» ASSIGNMENT
Would you transcribe the records below from the line with "2019北京世园会四条精品游玩路线及必打卡景点[墙根网]" to the line with "Sandalias atadas al", ends included, exactly and with nothing more, leaving the pictures out?

SUPPLIED RECORDS below:

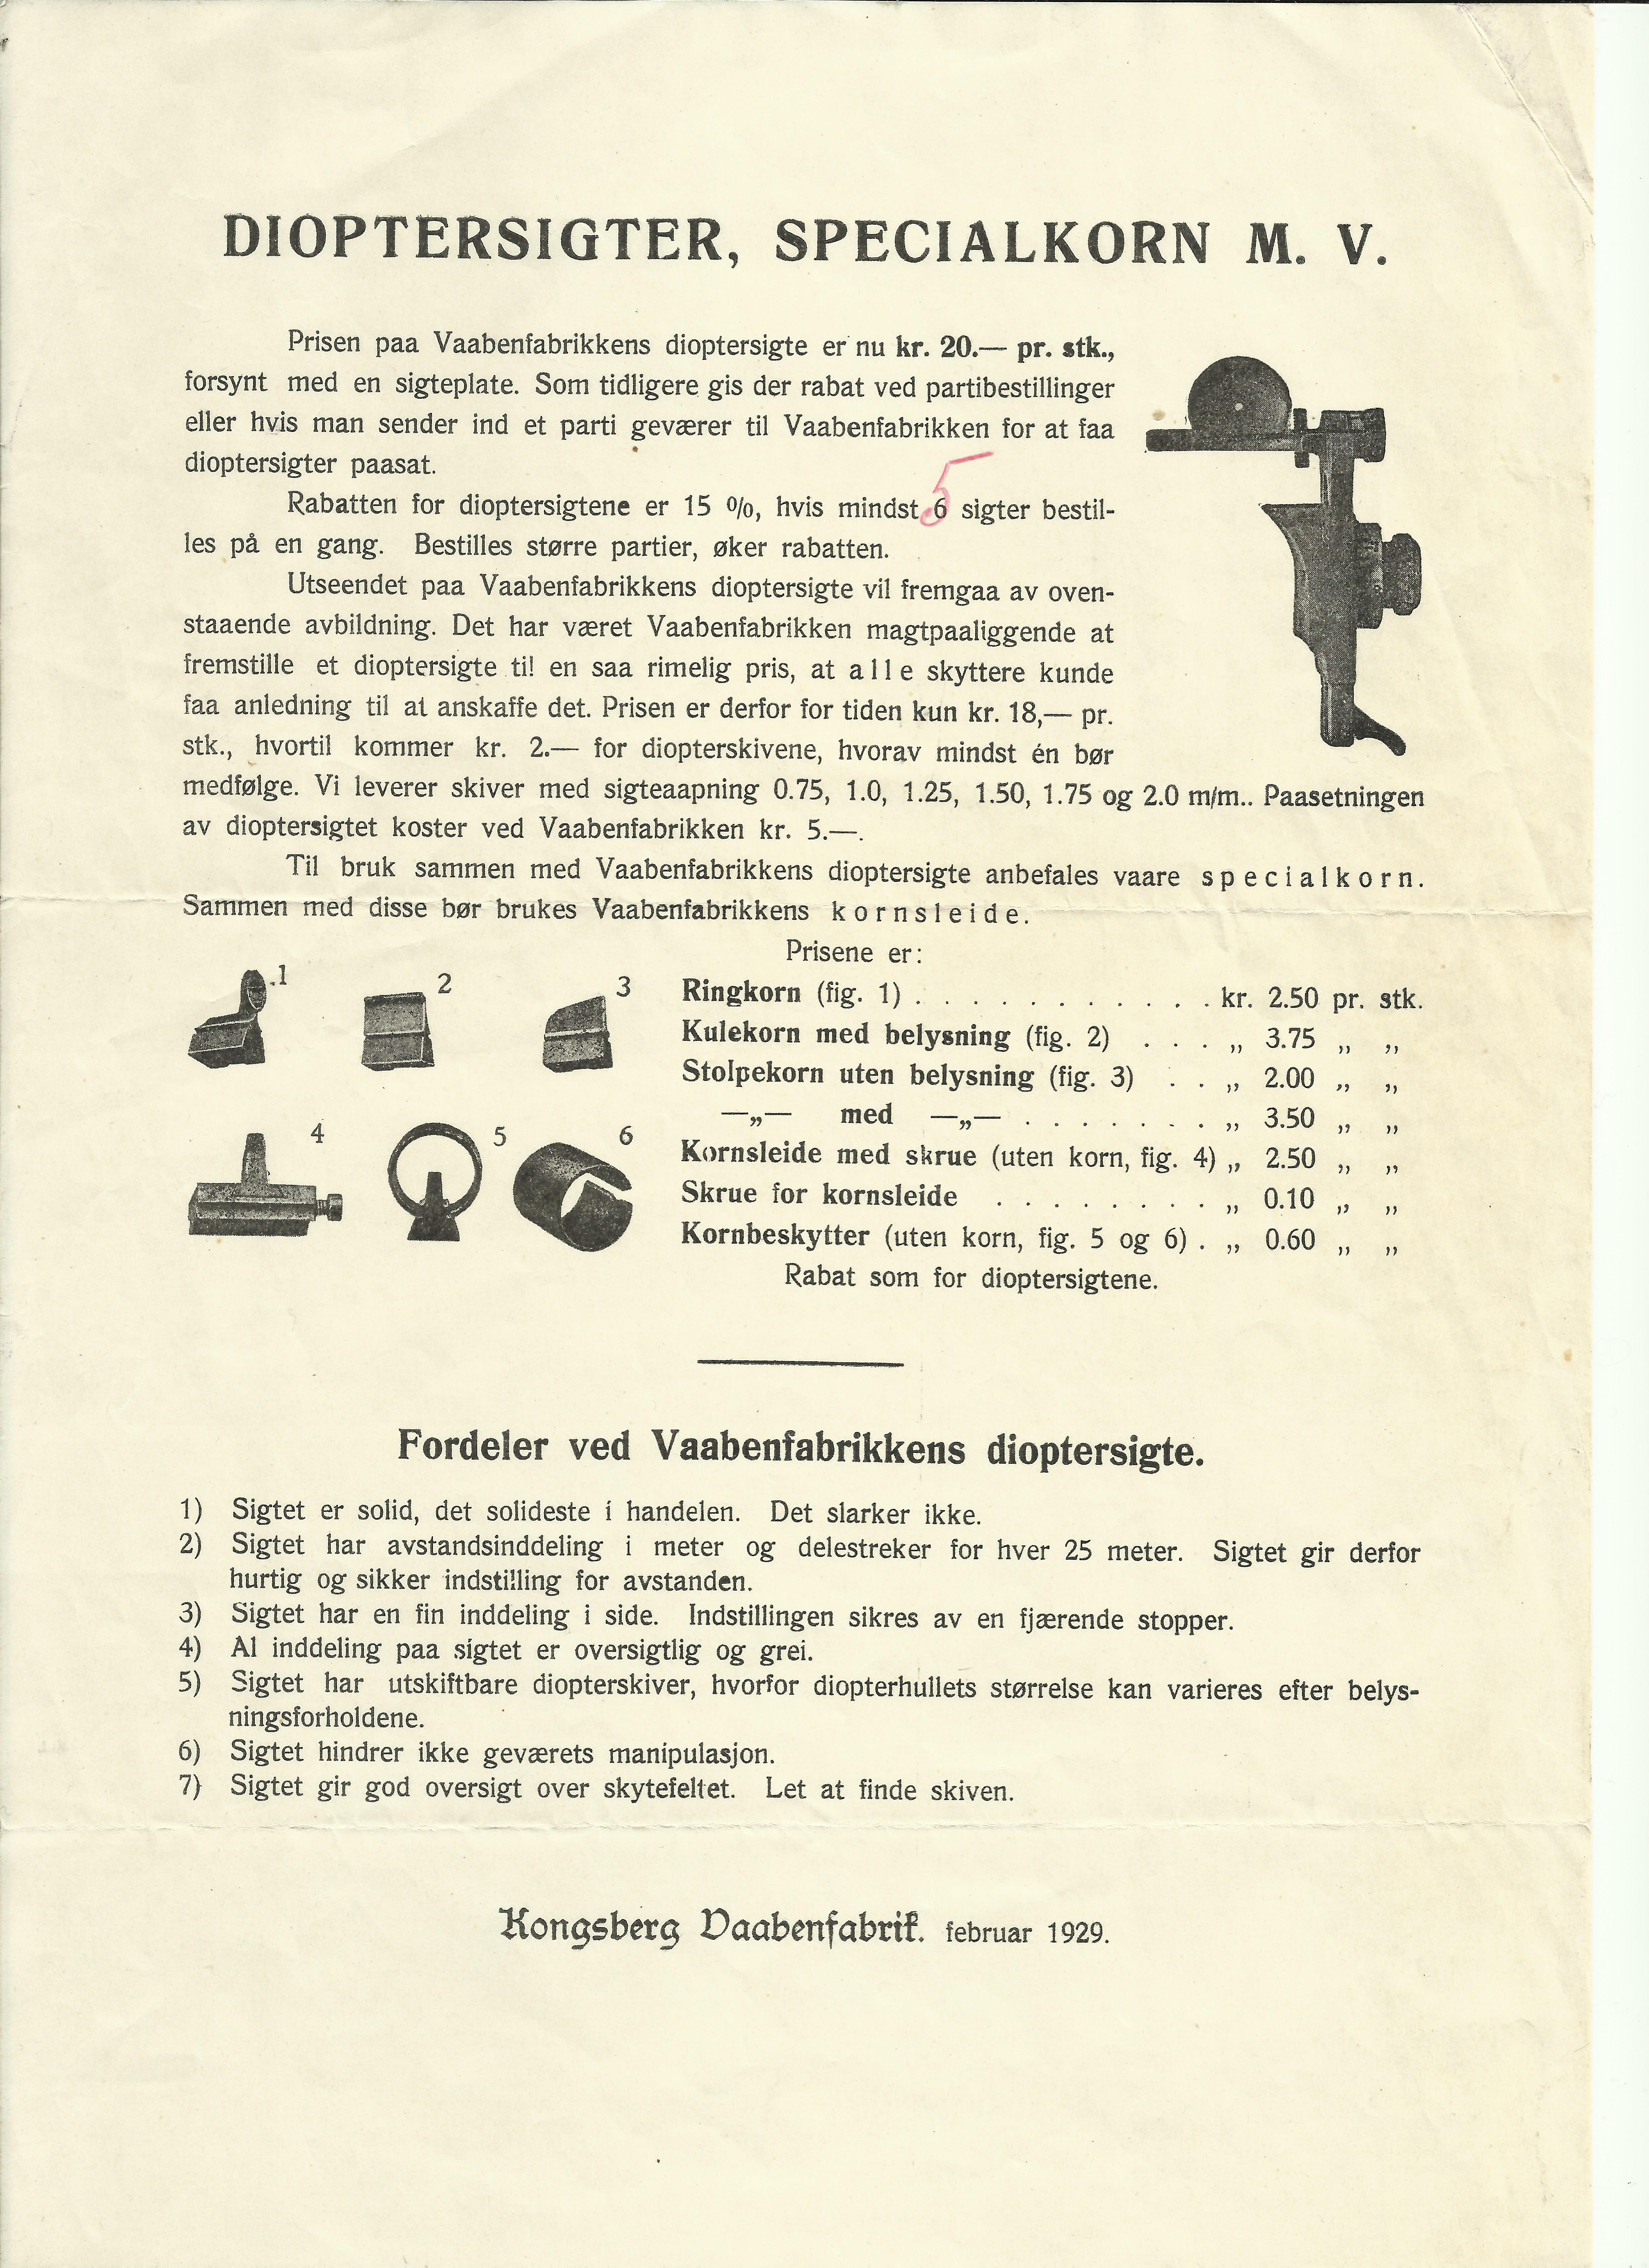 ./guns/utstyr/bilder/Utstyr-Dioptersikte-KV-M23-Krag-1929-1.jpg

End of SUPPLIED RECORDS.
SUPPLIED RECORDS below:

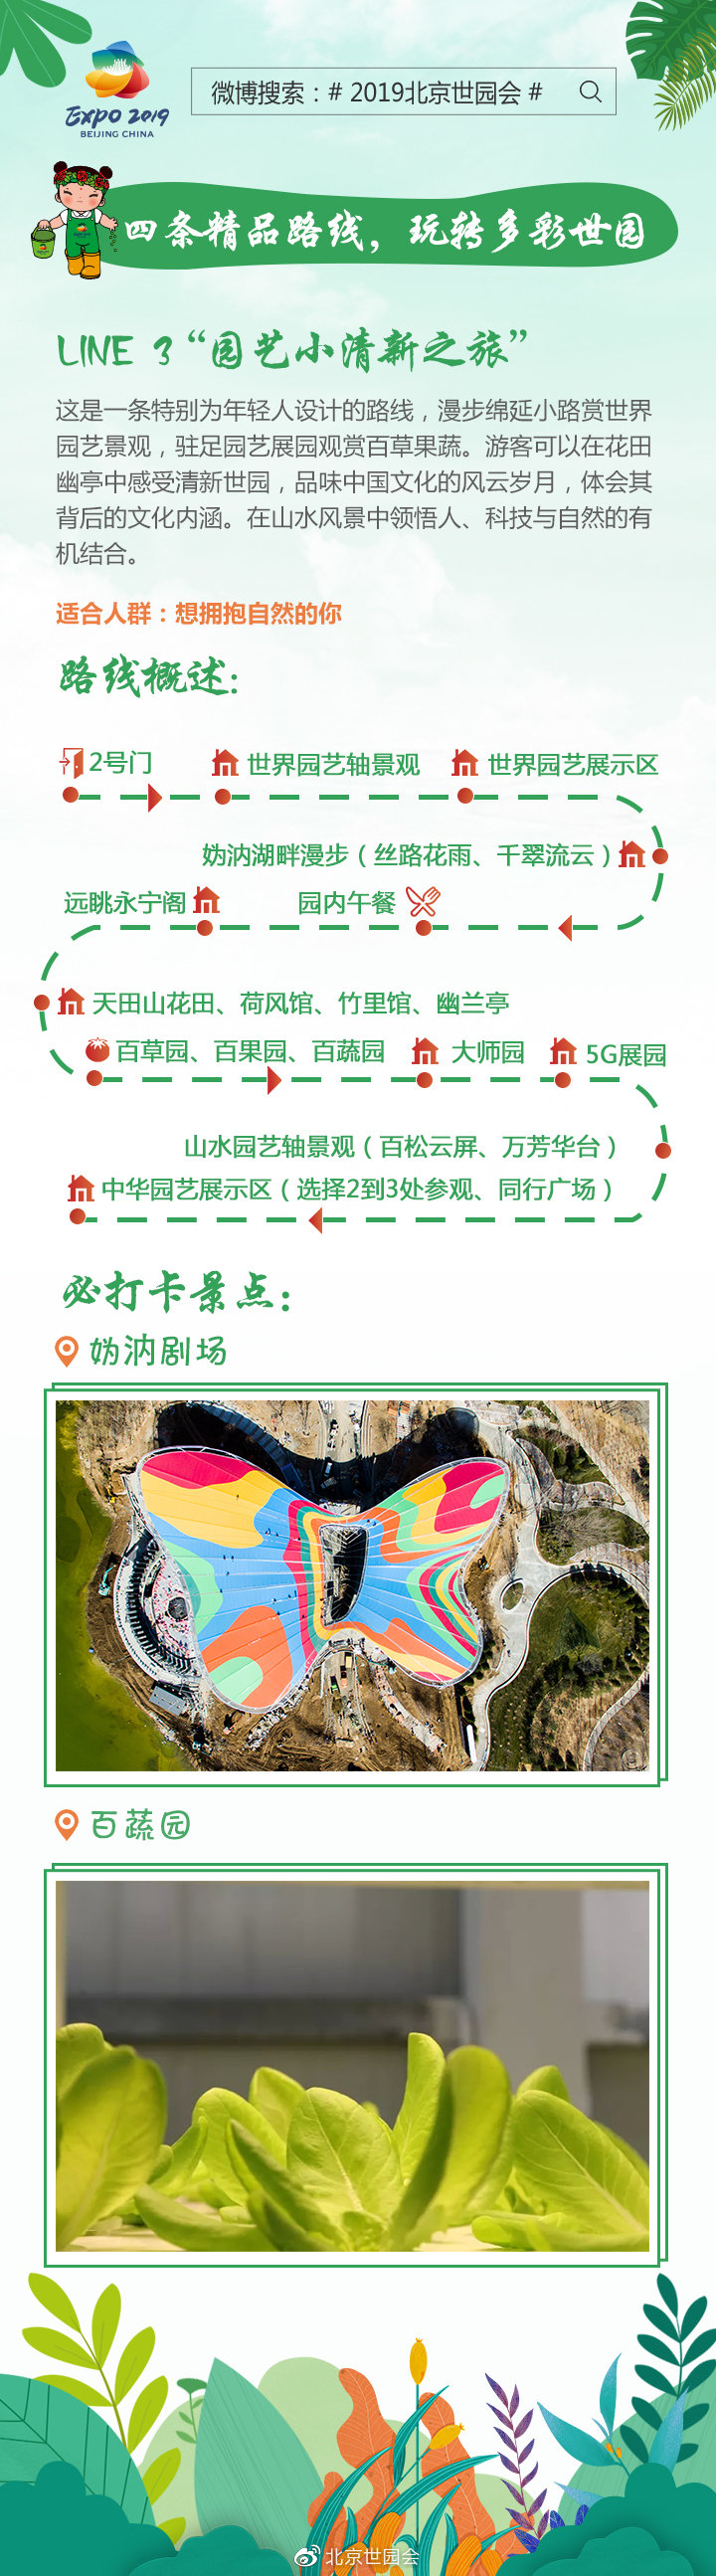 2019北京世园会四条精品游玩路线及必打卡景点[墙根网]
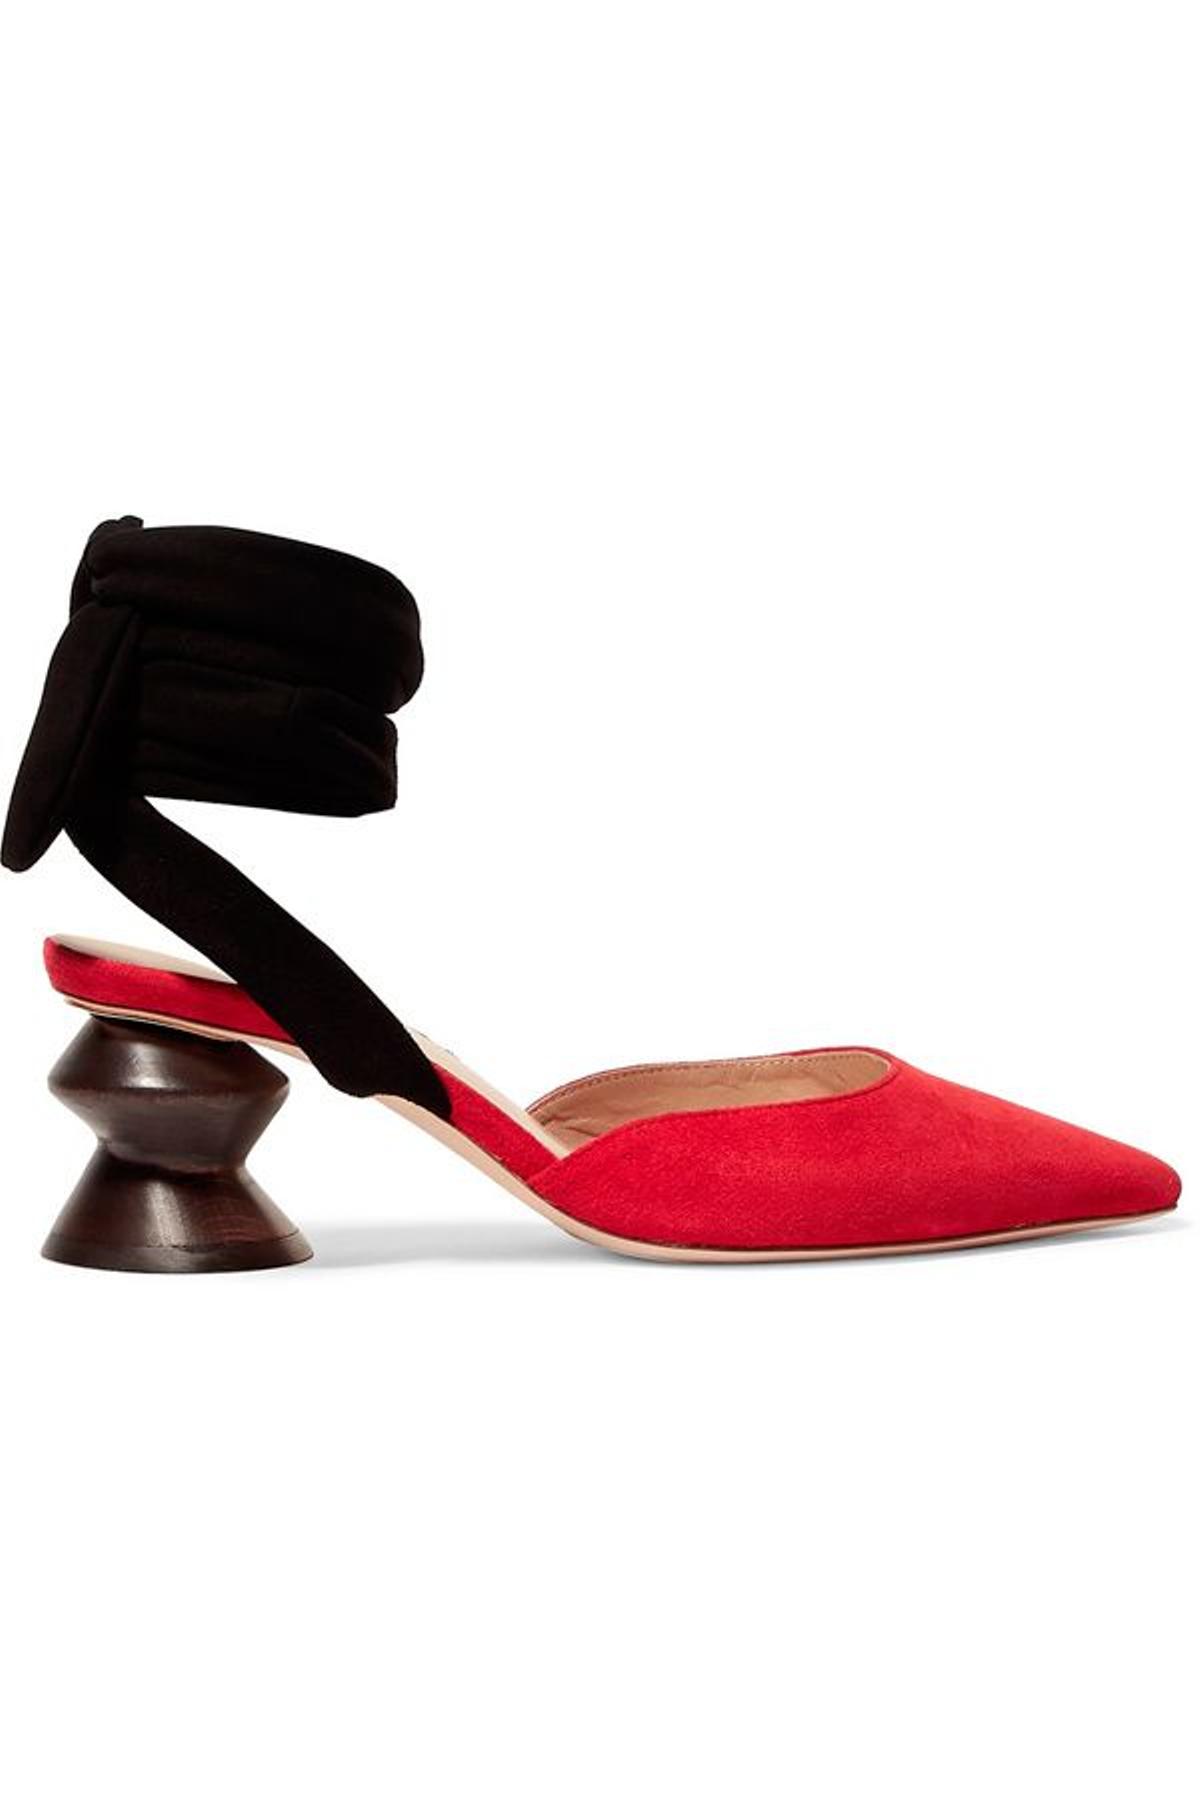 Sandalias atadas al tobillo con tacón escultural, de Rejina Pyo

End of SUPPLIED RECORDS.
SUPPLIED RECORDS below:

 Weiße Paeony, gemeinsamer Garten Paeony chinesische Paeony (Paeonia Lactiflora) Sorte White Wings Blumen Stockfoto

End of SUPPLIED RECORDS.

» TASK ANSWER
 2019北京世园会四条精品游玩路线及必打卡景点[墙根网]
 Sandalias atadas al tobillo con tacón escultural, de Rejina Pyo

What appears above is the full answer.